(Stored items from a collection)
== == ==

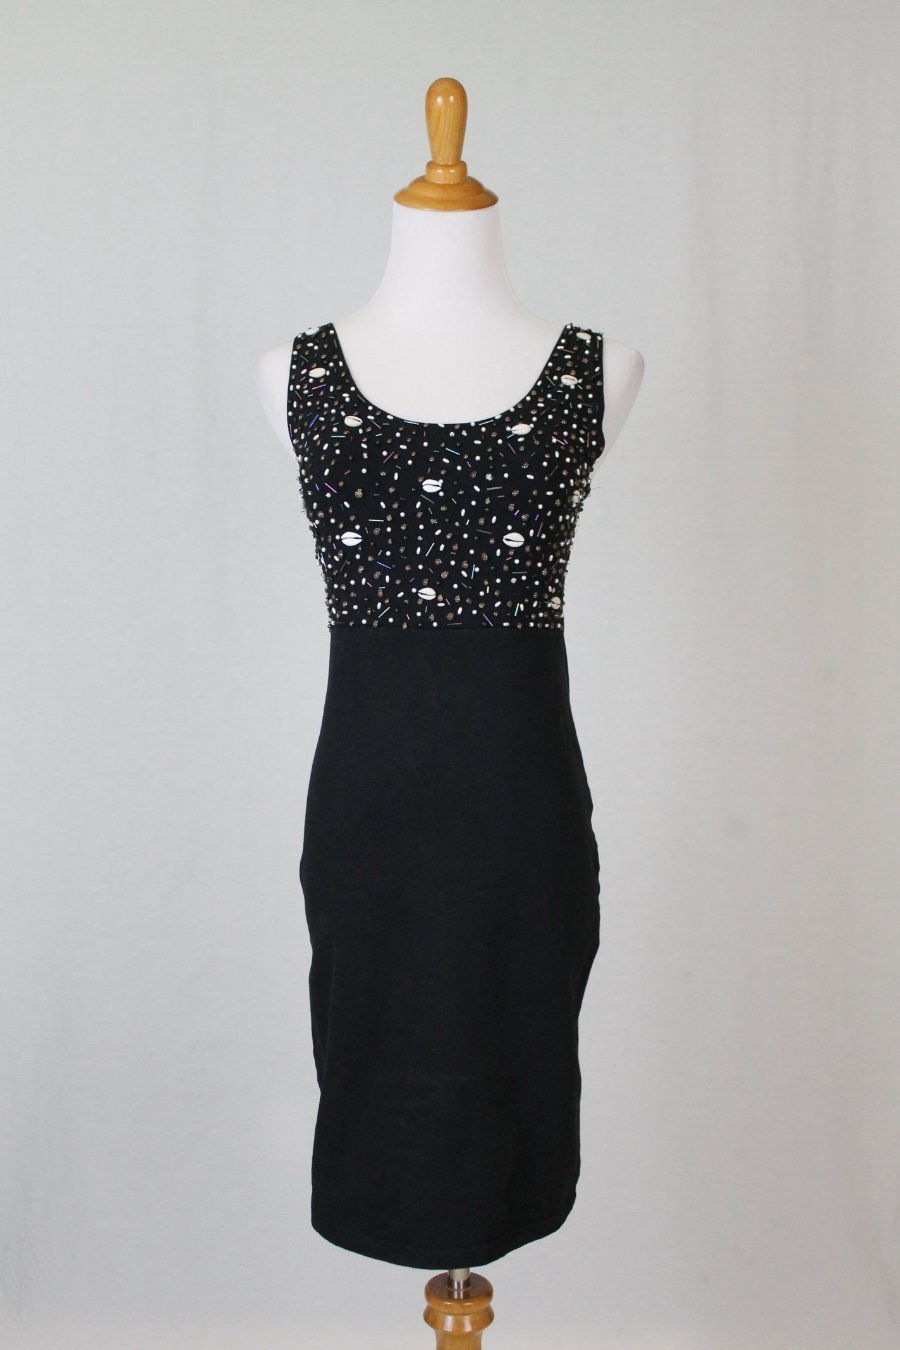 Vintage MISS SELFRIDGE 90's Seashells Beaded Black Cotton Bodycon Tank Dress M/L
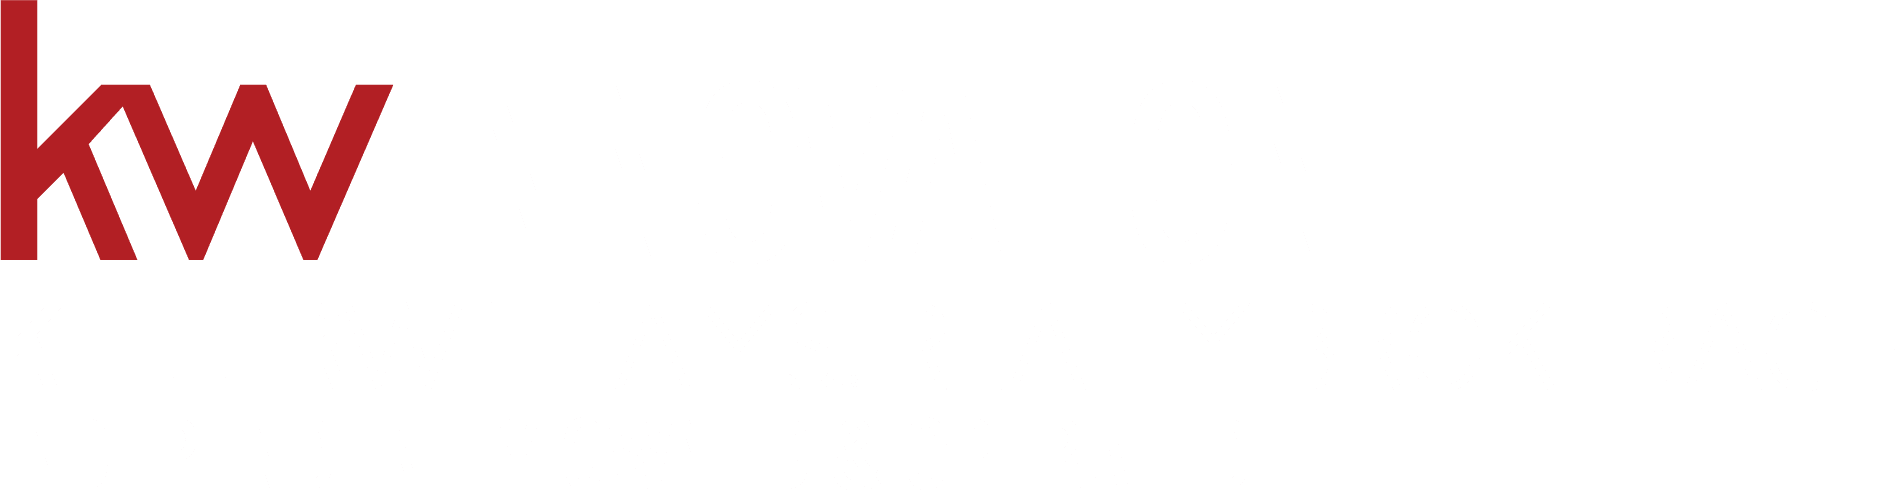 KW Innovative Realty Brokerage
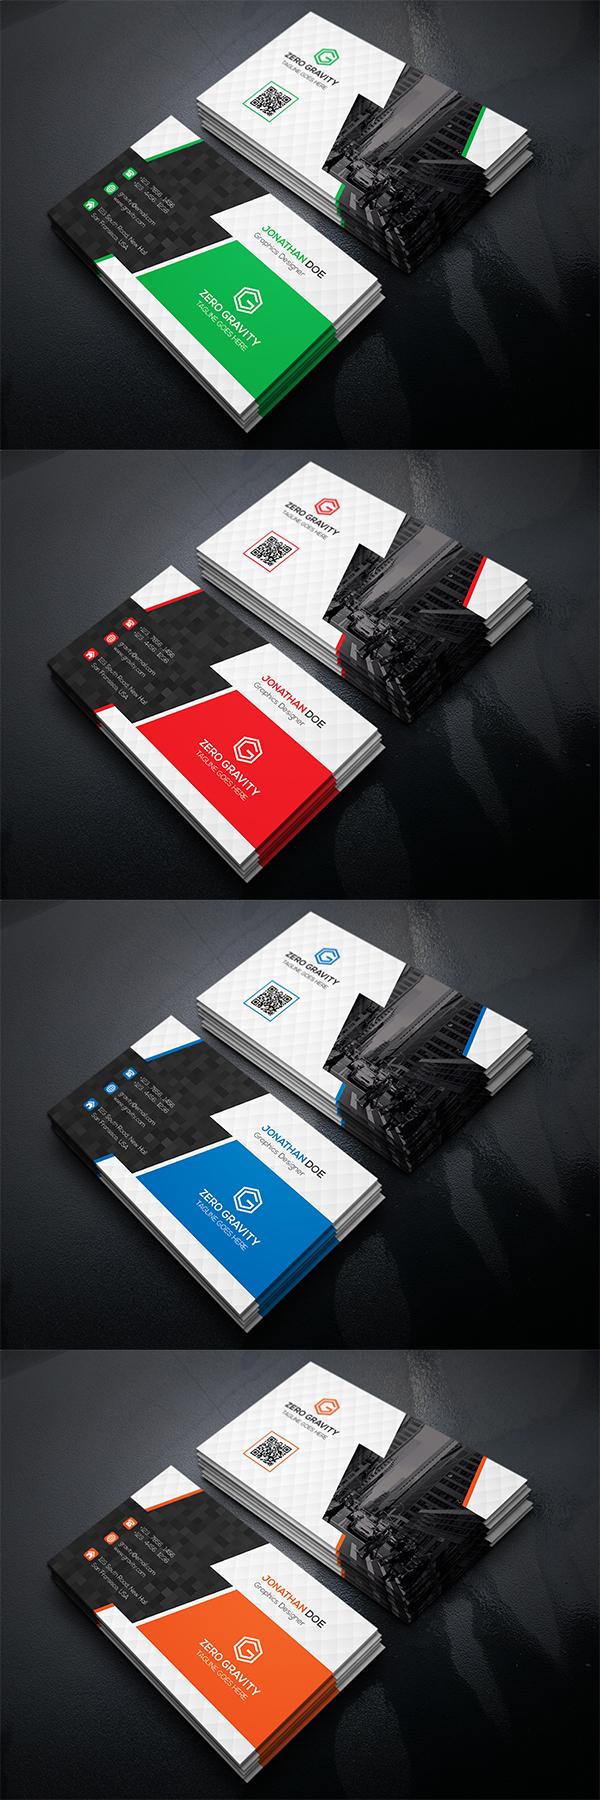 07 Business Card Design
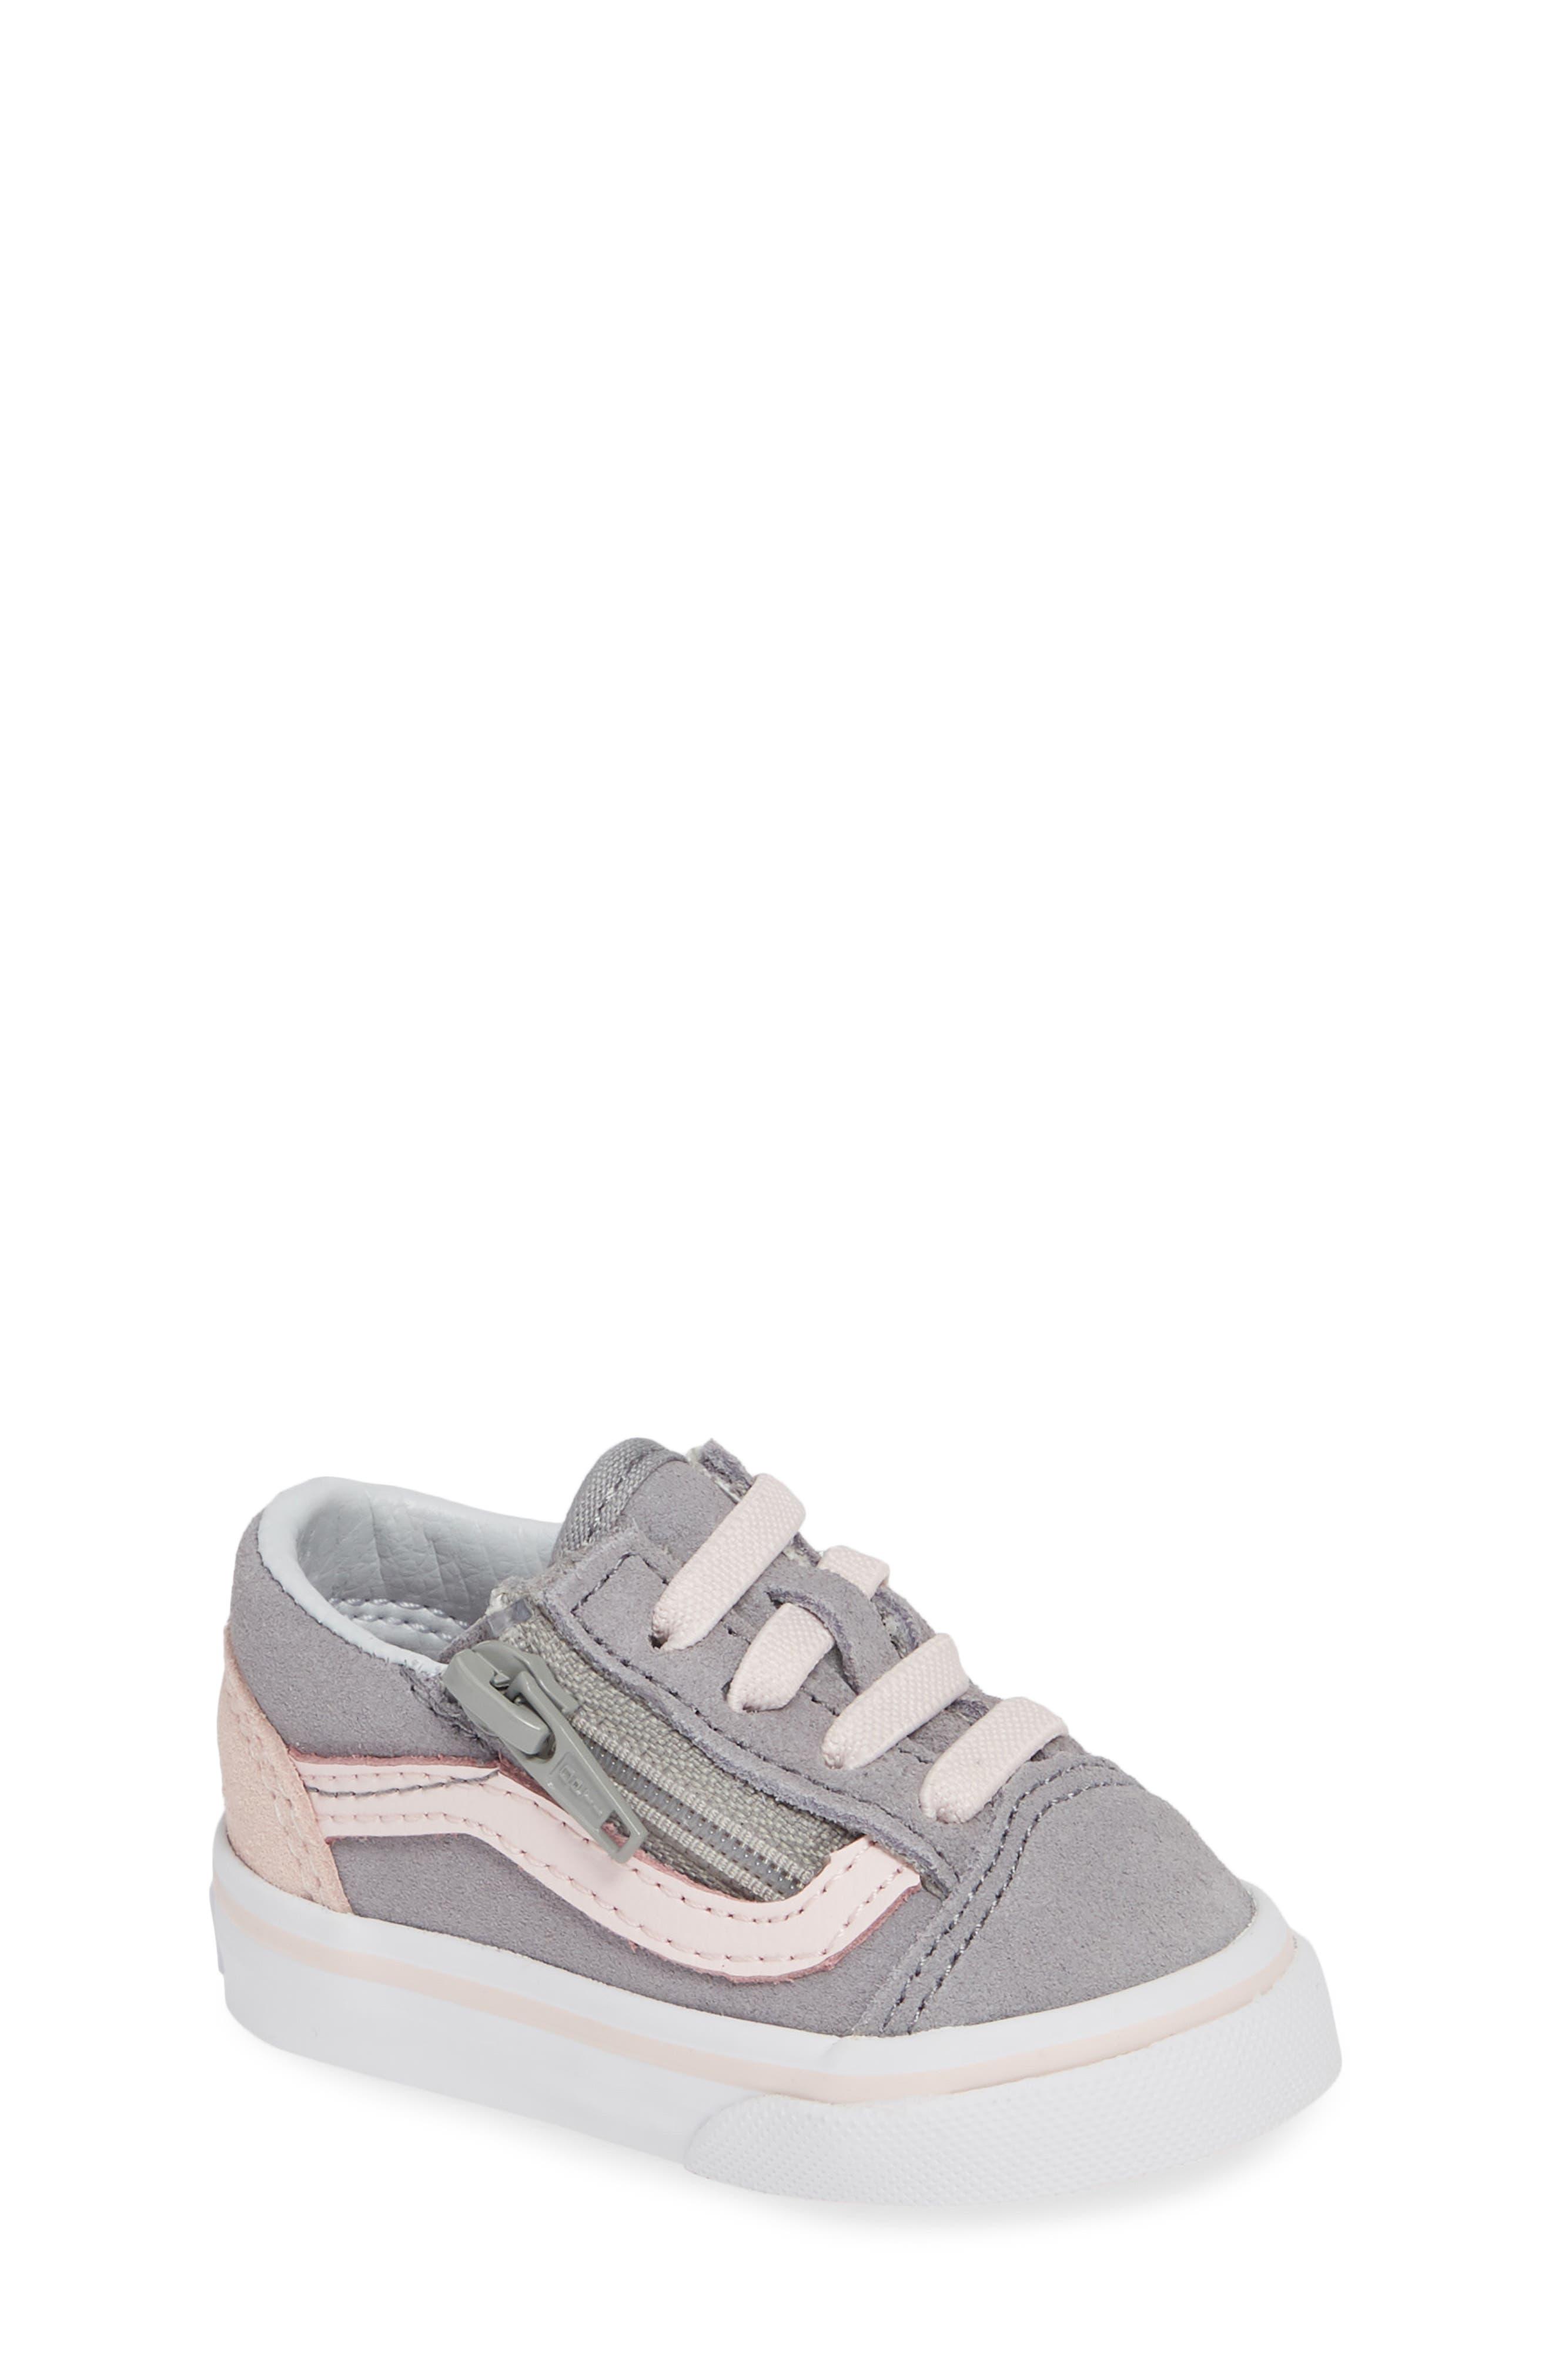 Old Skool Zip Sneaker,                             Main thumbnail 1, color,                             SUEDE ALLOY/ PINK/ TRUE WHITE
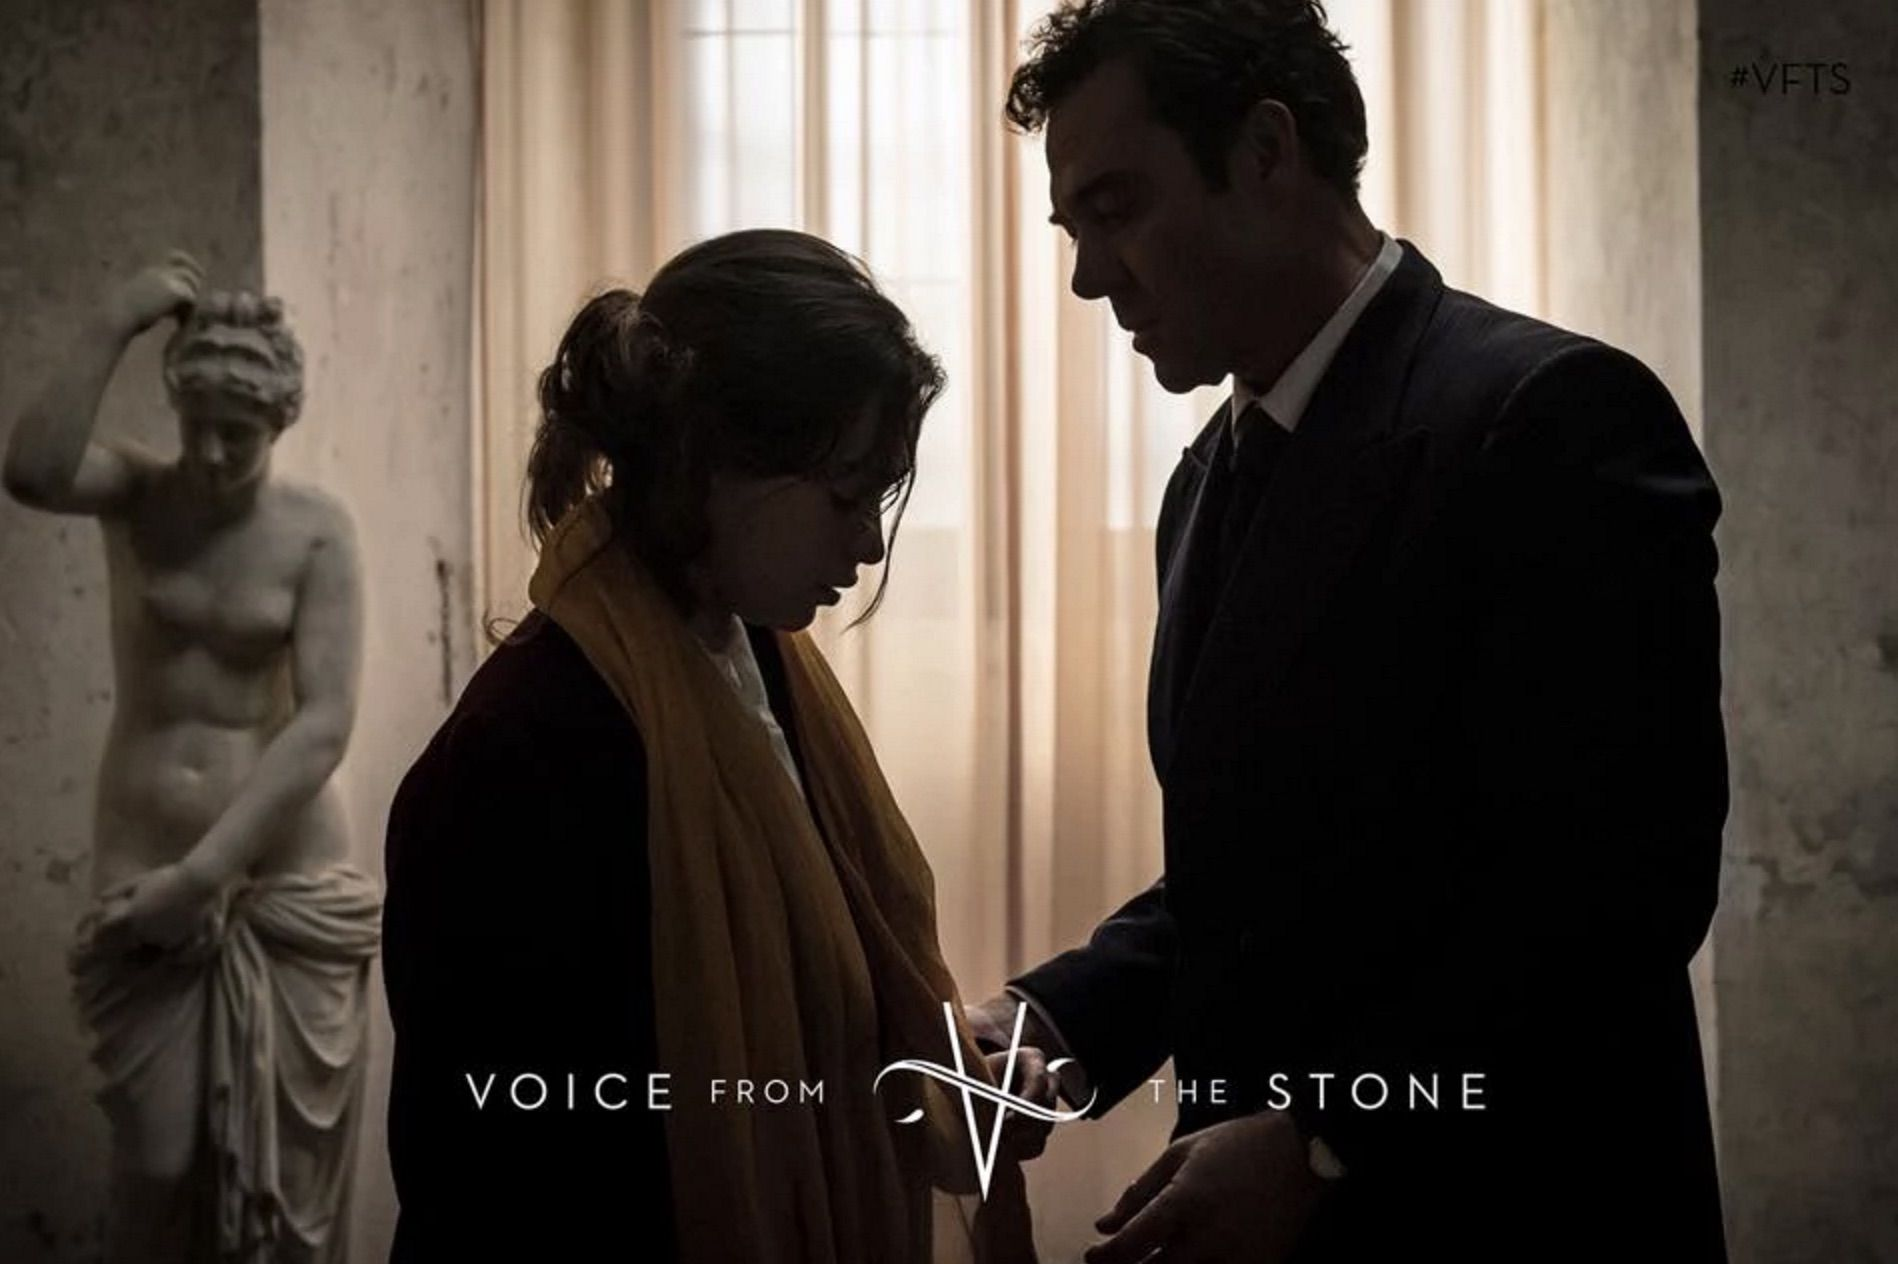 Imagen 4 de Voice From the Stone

== == ==

__What you have to do__
The exact lines from the one containing "KW Innovative Realty Brokerage" through the end of the data are to be copied, with both ends kept and pictures left out.

__Finished task__
 KW Innovative Realty Brokerage
 07 Business Card Design
 Old Skool Zip Sneaker,                             Main thumbnail 1, color,                             SUEDE ALLOY/ PINK/ TRUE WHITE
 Imagen 4 de Voice From the Stone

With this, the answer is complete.